So, he's got to lose 30 points in this exchange, and I don't think that's very likely for just walking out. And if he does risk the wrath of his voters for that, I think he probably has time to make up a good excuse about how urgently he needed to get to that men's room before anyone else.

OLBERMANN: Right. He forgot his sign.

Last question about Congressman Wilson - did we reach a low-water mark - or high-water mark in terms of the stupid out here? Because - I'm just wondering if there is such a place, and if that wasn't it, and I'm advised that Bill O'Reilly just referred to the Lewin Group and the Lewin Group study that the conservatives are so fond of talking about in regards to health care. He referred to it as an independent research group owned by United Health, which might actually be stupider than what Wilson said last night.
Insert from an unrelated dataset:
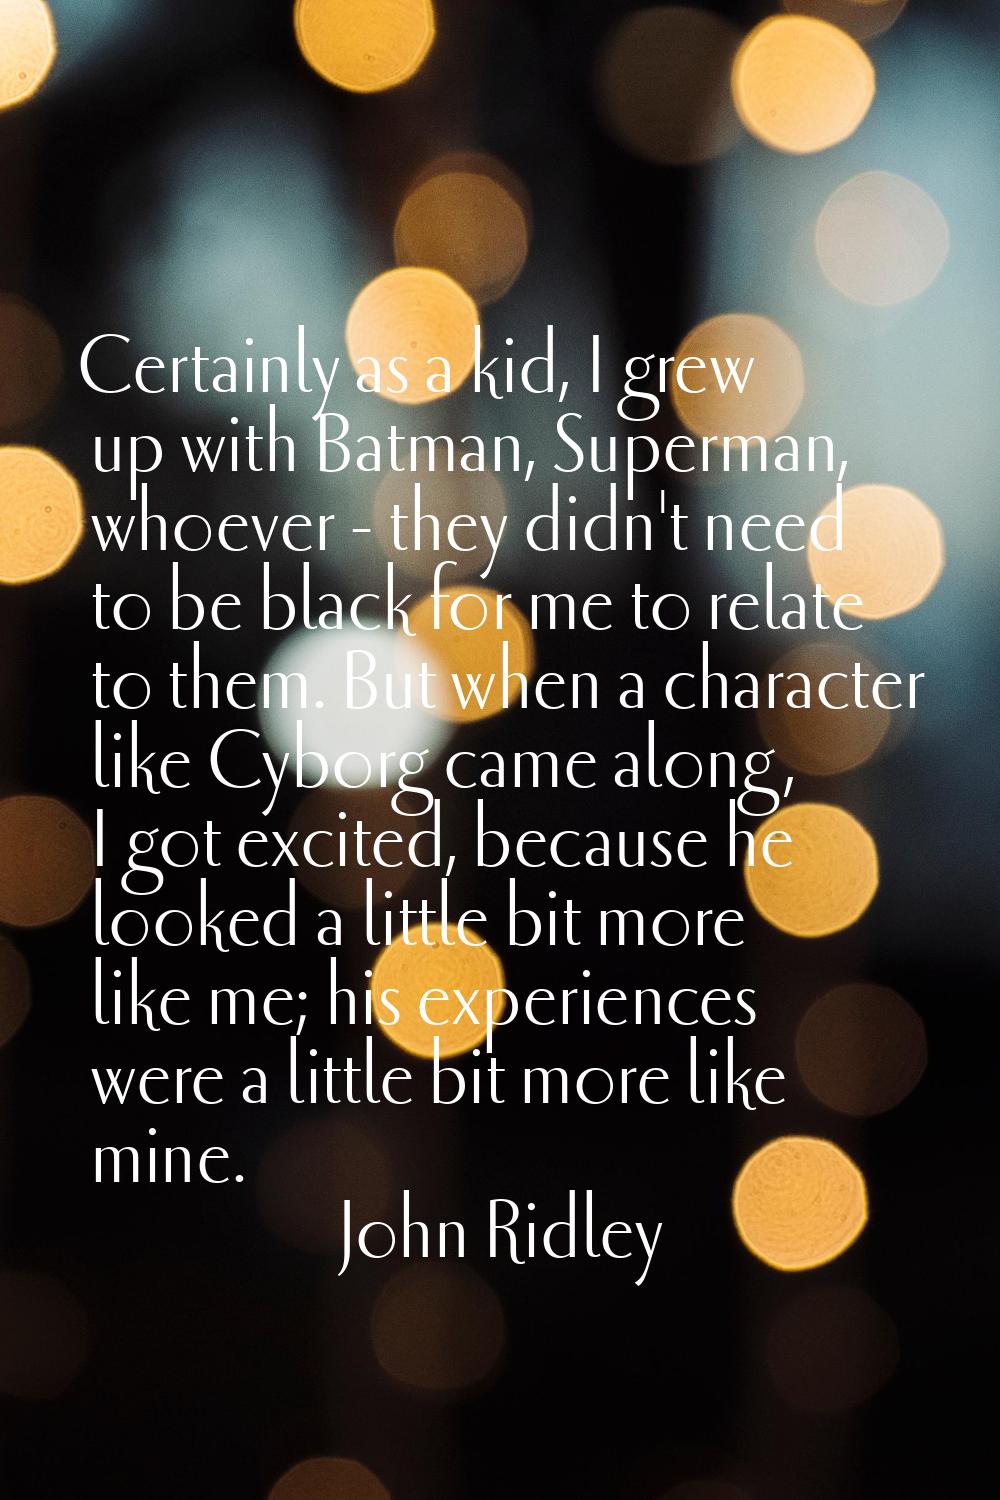 Certainly as a kid, I grew up with Batman, Superman, whoever - they didn't need to be black for me

O'DONNELL: I'm going to stick with Wilson.

_OLBERMANN: OK._

O'DONNELL: . for this news cycle, Keith.

I spoke to a lawyer in South Carolina today, who went to law school with Wilson, and "idiot" was the most generous word he could come up with in a string of words to describe his experience with Wilson. He maintained to me that no one in Wilson's district has any right to be surprised by this. You could see this coming a long way off.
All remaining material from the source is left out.